Work on the State government-promoted airport, hailed as the largest infrastructural initiative in the North Malabar region of State, has already begun. Located at Mattannur, some 25 km from Kannur, the airport aims to serve people in the northern districts of Kerala as well as Coorg and Mysore in Karnataka. It might attract passengers from Kozhikode and Mangalore airports too.

Conceived in 1998, the airport takes the public-private-participation (PPP) route and is being built in the BOO (build, operate and own) mode. Of the 2,000 acres of land required for the Rs 1,800-crore project, 1,200 acres have been taken possession of. Of this, 800 acres form part of the government’s equity in the project.

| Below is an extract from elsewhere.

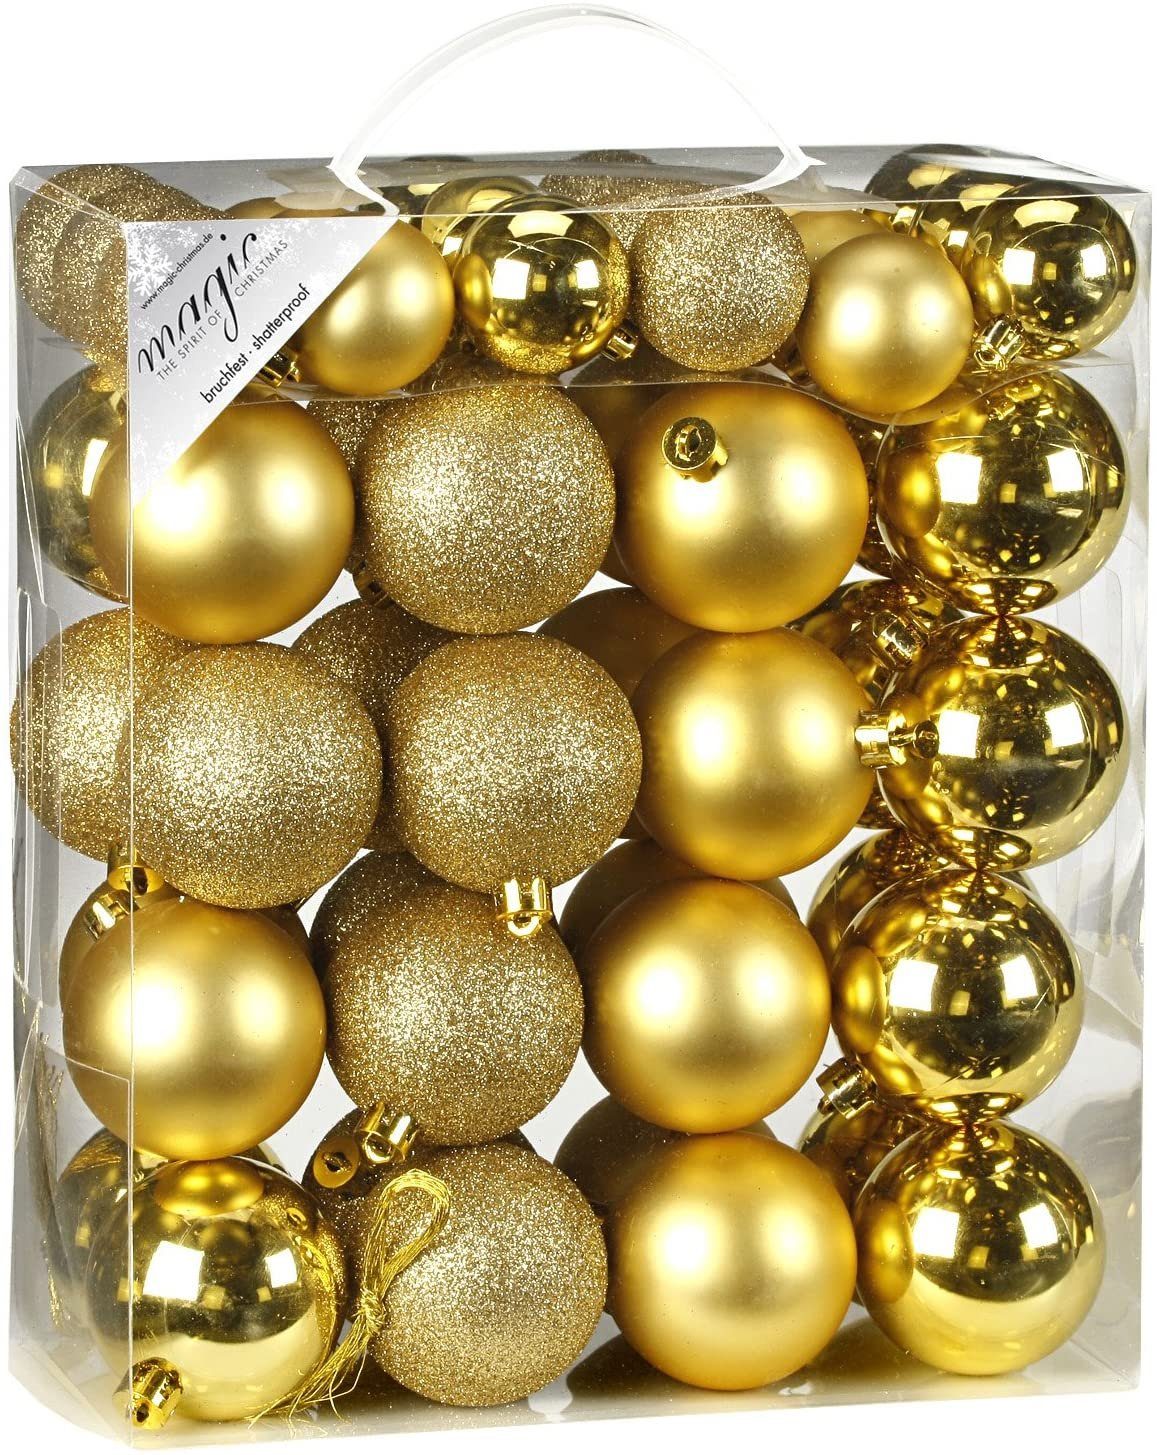 INGE-GLAS® Christbaumschmuck Inge's Weihnachtskugel 50 Stück 4-6 cm Gold, Kunststoff, Baumdekoration, Baumschmuck, Weihnachtsdekoration, Kugel-Set | Dekohänger

“We hope to attain financial closure by the end of this month,” Chandramouli said. “In another ten days, debt components will be finalised.” Central and State public-sector organisations are expected to have 23 per cent equity participation. A couple of agencies and nationalised banks had offered to take care of the rest of the cost. The KIAL authorities had explored funding possibilities from Japan International Cooperation Agency (JICA) and Asian Development Bank, but these agencies were not interested in funding an airport.

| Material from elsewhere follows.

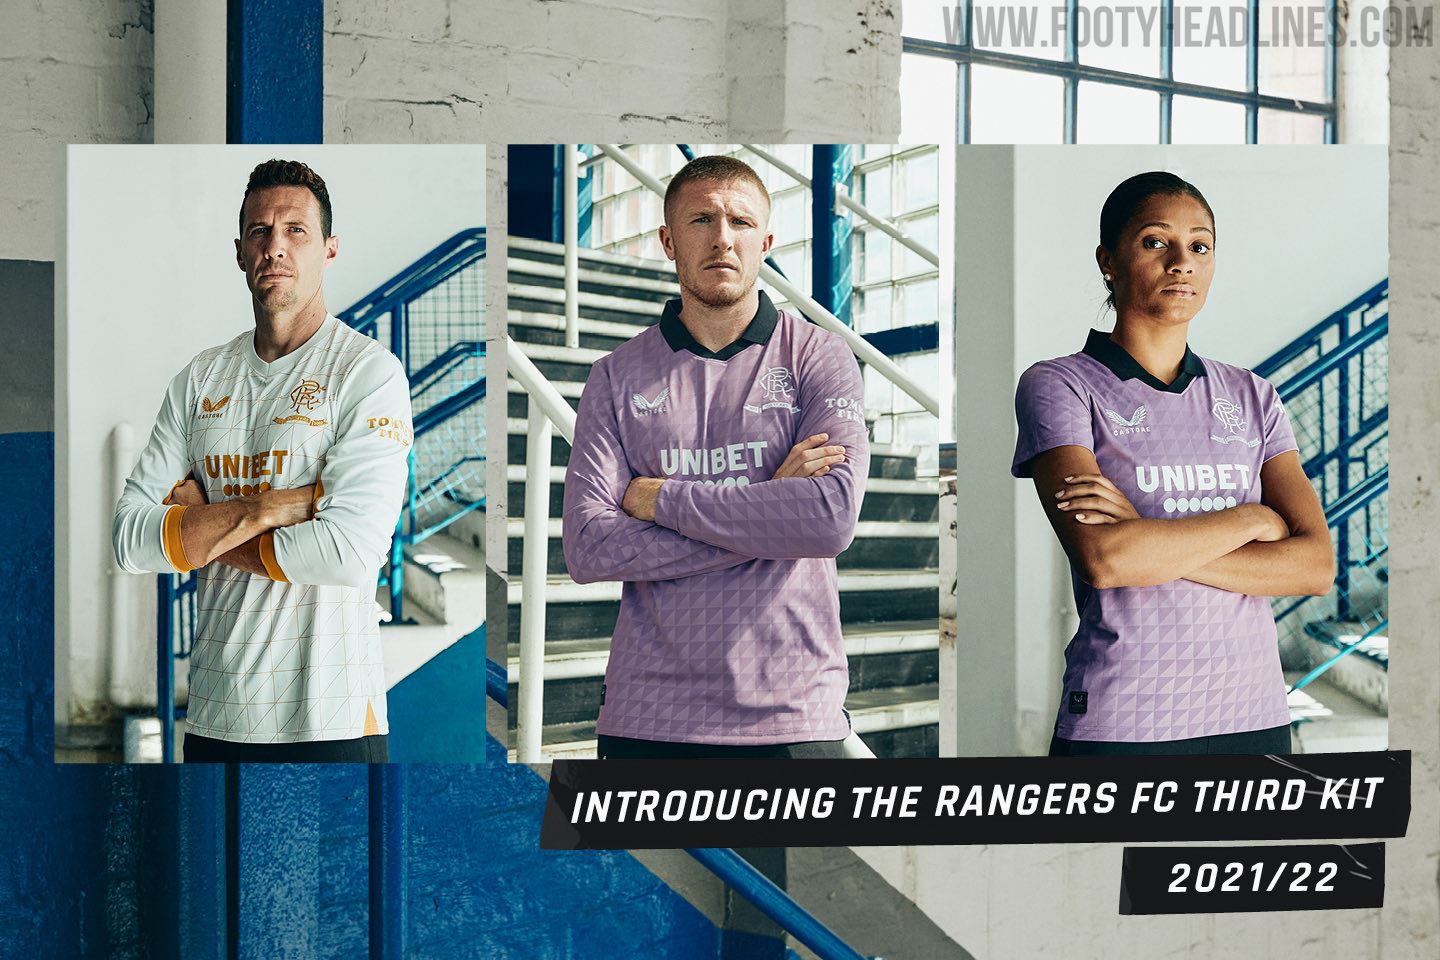 Rangers 21-22 Away Kit Released - Footy Headlines

Clearances obtained Chandramouli said the project had obtained all required government clearances. A Rs 694-crore work contract for constructing the airfield had been awarded to L&T. “Our biggest advantage is that since the project is promoted by the government we get full support from it,” Chandramouli said. “Normally, for such a project land acquisition is the biggest hurdle, but in the Kannur airport’s case the government did the acquisition as part of its equity participation.”

He said there was excellent backing from the local people and politicians as they were keen to have the airport. According to estimates, the airport would get initially 14 lakh international passengers and over three lakh domestic passengers, Chandramouli said. International passengers would mostly be the non-resident Keralites working in the Gulf countries as well as tourists from the Far-East. He is confident that the airport will break even by 2020. The State government had offered Rs 130 cores for cash-flow needs for the first five years. “If everything goes as planned, we will start flying in two years,” he said.